Any oil spill in Alberta is a sensitive issue because of the controversy surrounding the debate over the Gateway and Keystone XL pipelines, but Mr. Beattie pointed out there are safety concerns that have to be addressed. “They are going to have to be much more forthcoming about the processes that led up to this spill.” ‘
Alberta Premier Alison Redford held a press conference Friday at the Dickson Dam on the Gleniffer Reservoir, which has been the focus of Plains Midstream’s clean-up efforts. Gleniffer Lake provides the water supply for the City of Red Deer and it is a popular recreation area for fishing and boating. The company has been providing bottled water to people who draw their drinking water directly from the river and the reservoir, though the City of Red Deer indicated on its website that it didn’t expect the spill to cause any problems.
“The situation appears to be in hand,” she said, adding there was an investigation under way and it was too early to talk about the cause and impact of the oil spill.
“We do always in Alberta want to ensure we’re balancing economic development, environmental sustainability and social impacts.”
There have been briefings, Mr. Beattie said, “but we need straight answers from everybody in one room.”

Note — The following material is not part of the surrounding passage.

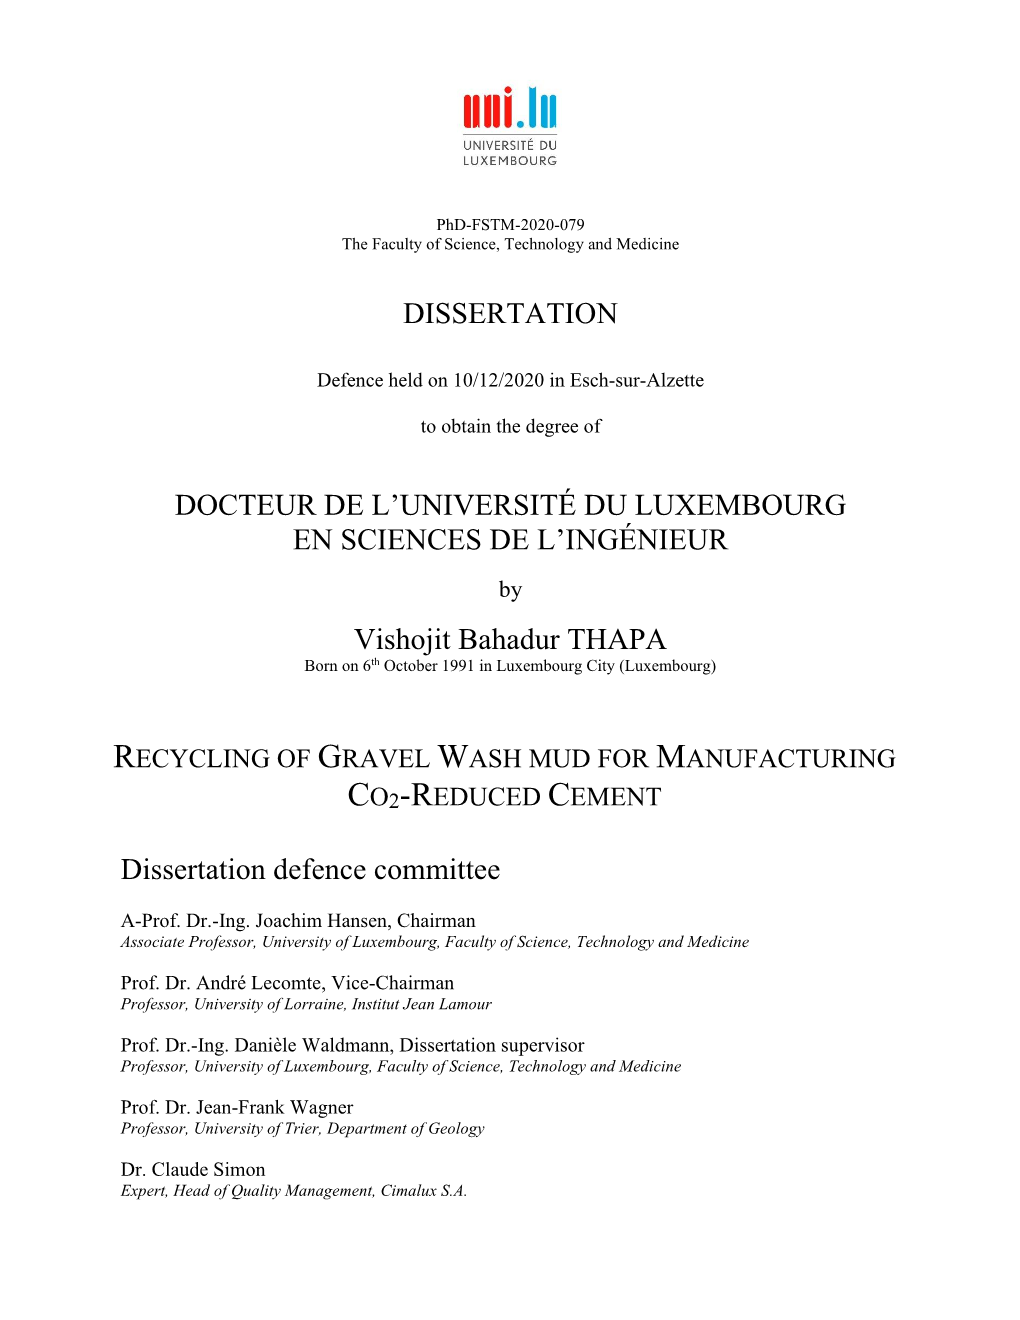 Dissertation Docteur De L'université Du Luxembourg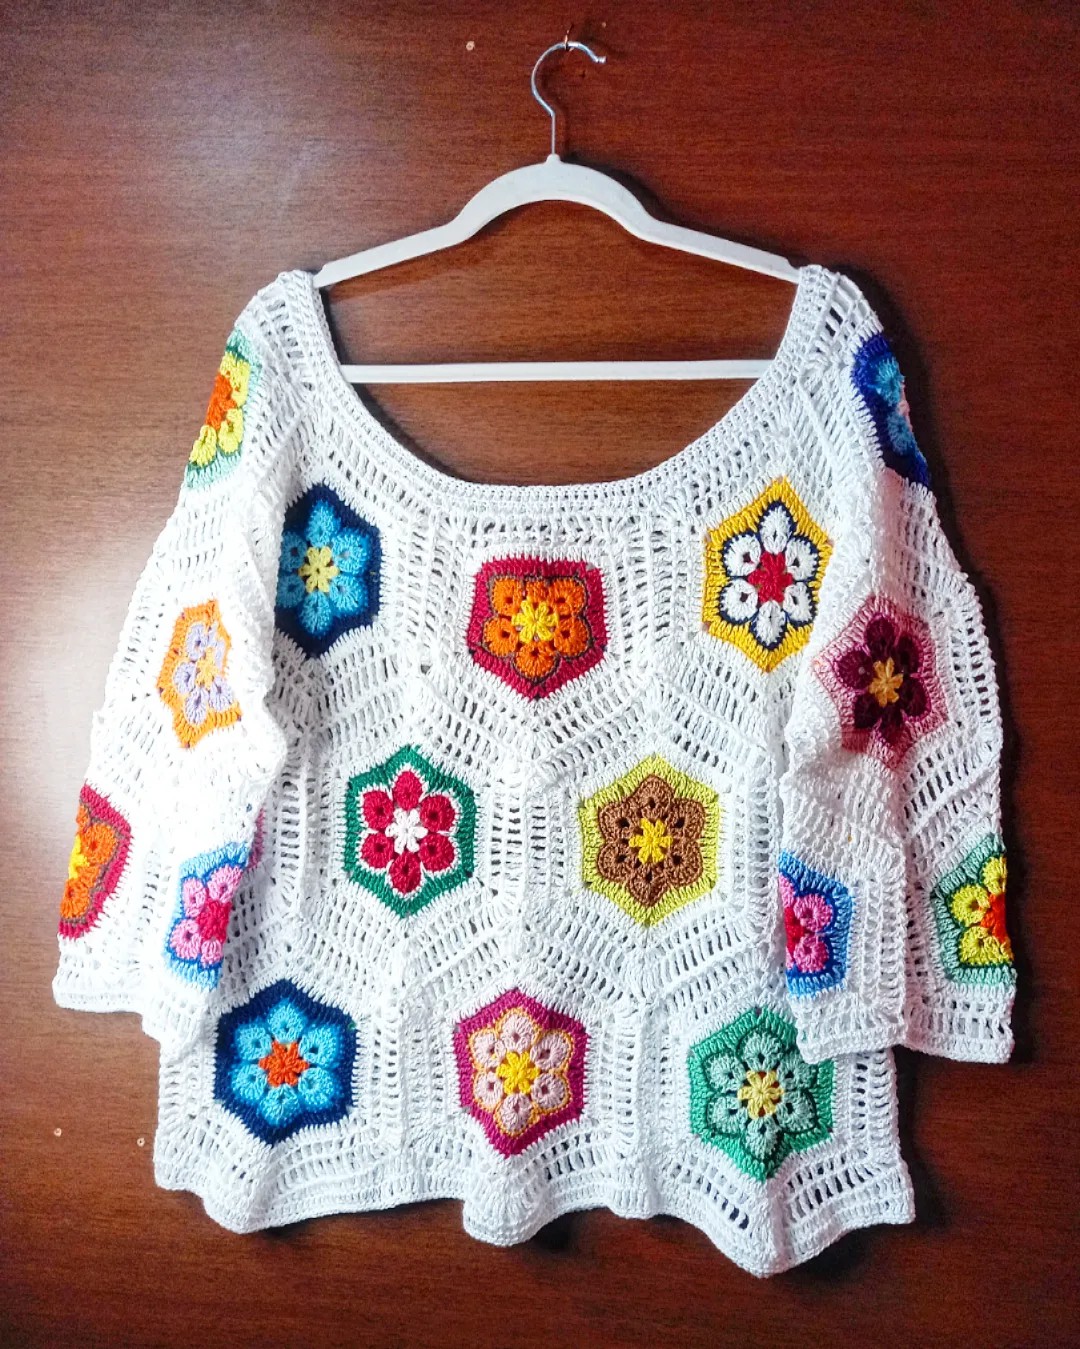 Blusa de crochê com flor africana - Crochê das Flores

There have been conflicting reports, for example, about the location of the original break, which was on the north side of Sundre, Alta., and left 40 kilometres of riverbanks and poplar bush covered in oil, which will likely be far more difficult – and expensive – to remove than the higher-profile slick on the reservoir.
The Alberta government’s regulatory agency, the Energy Resources Conservation Board (ERCB), should be supplying the answers, but some residents of rural Alberta are skeptical of its efforts. “The oil and gas industry is embedded in our politicians and the politicians control the ERCB,” said Don Bester, president of the Alberta Surface Rights Federation, which represents 1,400 landowners in the province who are opposed to several property-rights bills put forward by Ms. Redford’s Progressive Conservatives before the April provincial election.